Llegas cinco minutos tarde a una reunión. Te sientas, abres el ordenador, sigues como si nada. Esos cinco minutos comunican que tu tiempo vale más que el de los demás. Lo correcto: entrar discretamente, dirigirte primero a quien esté hablando, decir "perdón por el retraso" en voz baja, sentarte sin hacer ruido. La diferencia entre un hombre con criterio y uno sin él se mide en estos detalles. Si vas a ser puntual, sé puntual. Y si no llegas a la hora, asume el coste social: pedir disculpas con sinceridad. Una sola vez. No repetirlo durante toda la reunión.
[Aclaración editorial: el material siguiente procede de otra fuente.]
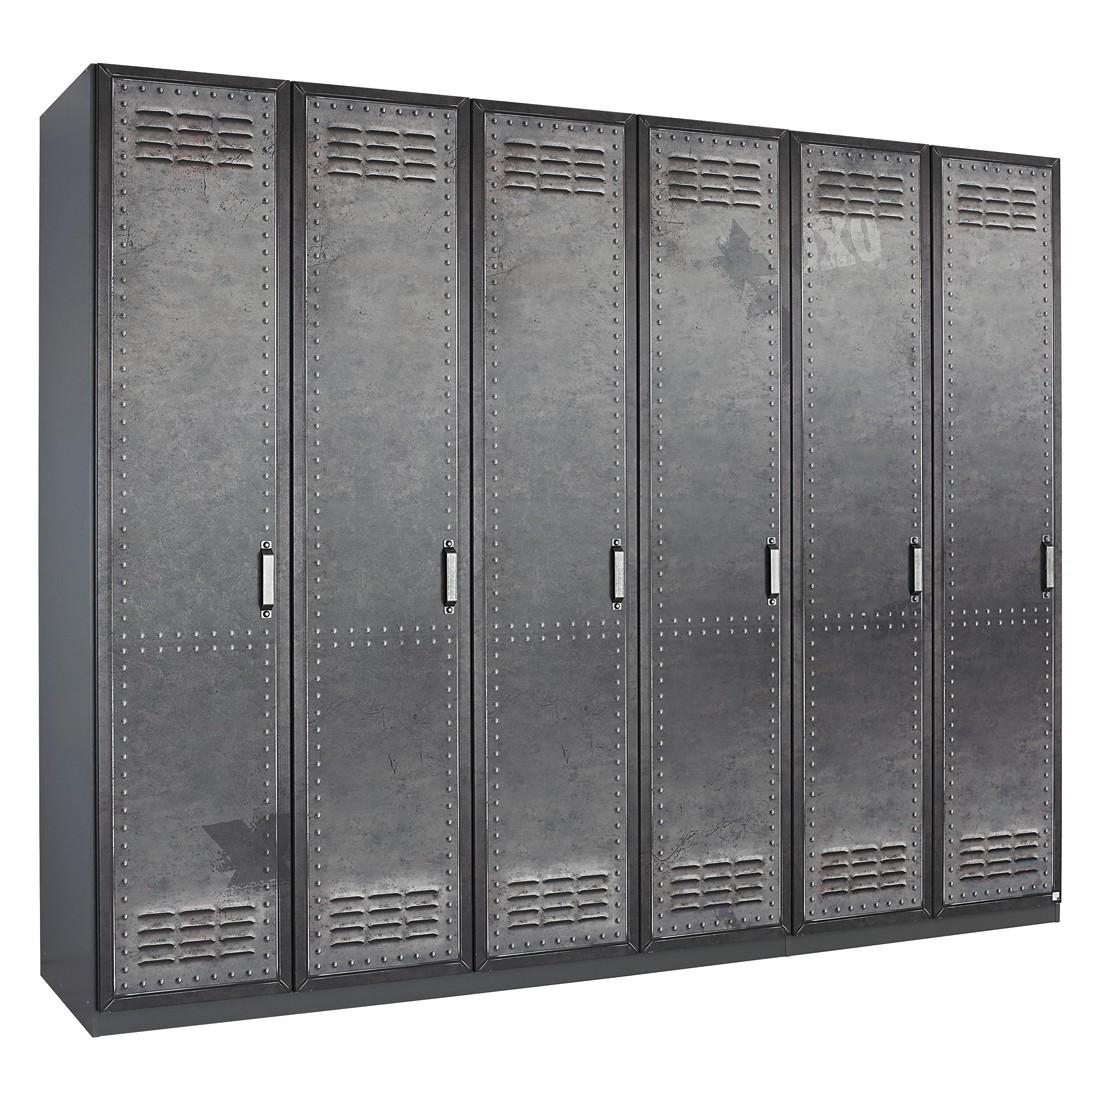 goedkoop Draaideurkast Workbase industrial print look grafietkleurig 270cm 6 deurs scharnieren links Rauch Select

Mira a los ojos. Sonríe lo justo. Aprieta firme pero sin triturar. Sostén dos segundos, no más. Ese es el apretón correcto y resume todo lo que necesitas saber sobre primera impresión. Un apretón blando comunica falta de carácter. Uno excesivo, agresividad o inseguridad disfrazada. La mano sudada se seca discretamente en el pantalón antes de saludar. Si tienes que entregar algo, da la mano con la derecha y entrega con la izquierda, nunca al revés. La gente no recuerda el apretón perfecto. Pero recuerda durante años el apretón flojo que le diste el primer día.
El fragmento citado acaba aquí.